Antidepressant-like effects of curcumin due to its anti-inflammatory action [43]

Inflammation may contribute to the pathophysiology of depression based on the current study aimed to explore the immunomodulatory effects of curcumin in an animal model of chronic mild stress (CMS). Rats were subjected to CMS to induce depressive-like behavior. The body weight, sucrose preference and locomotor activity were evaluated. Both RT-PCR and ELISA were used to determine the expression of tumor necrosis factor-α (TNF-α) and interleukin-6 (IL-6) in the prefrontal cortex and hippocampus. Chronic treatment with curcumin significantly reversed the CMS-induced behavioral abnormalities (reduced sucrose preference and decreased locomotor activity) in stressed rats. Additionally, curcumin effectively inhibited cytokine gene expression at both the mRNA and the protein level and reduced the activation of NF-κB. The study revealed that curcumin exerted antidepressant-like effects in CMS rats, partially due to its anti-inflammatory aptitude.

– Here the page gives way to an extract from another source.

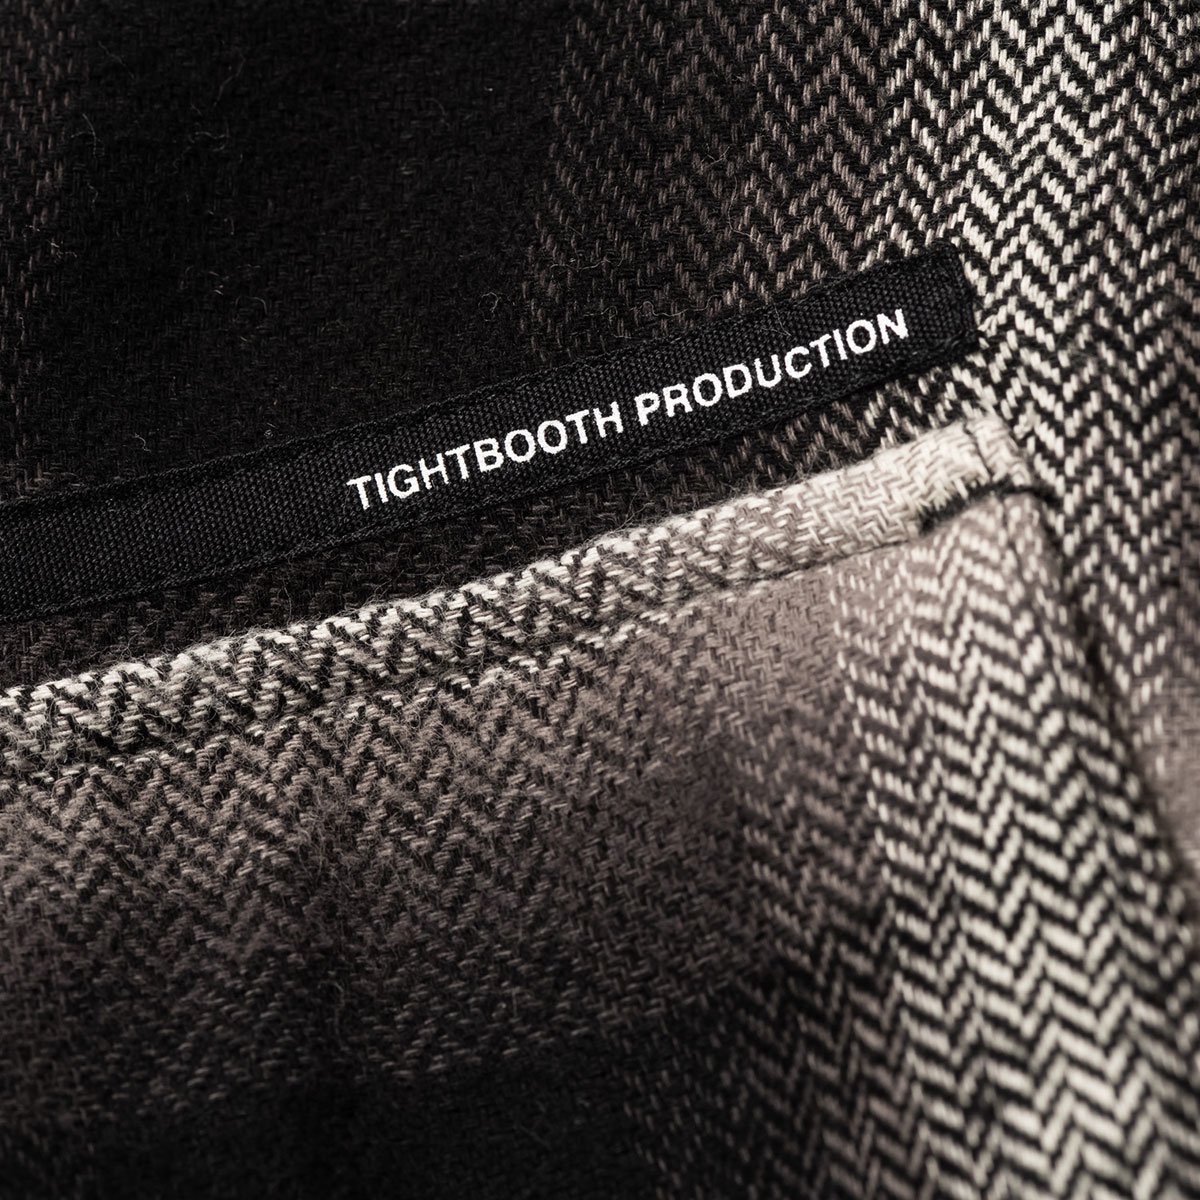 OMBRE HERRINGBONE JKT - TIGHTBOOTH PRODUCTION

Curcumin possesses wide-ranging of pharmacological properties. Many of these activities can be attributed to its potent antioxidant capacity. The effect of curcumin in CNS is more prominent. Curcumin has a potential for antidepressant action. Curcumin is known to modulate the neurotransmitter levels in brain and increases the neurotrophic factors enhancing neuronal survival. Tremendous researches are going on curcumin to find out the possible mechanism for its antidepressant action. Positive results obtained in experimental studies on curcumin as an antidepressant emphasizes its testing of efficacy in humans in order to advance the antidepressant therapy.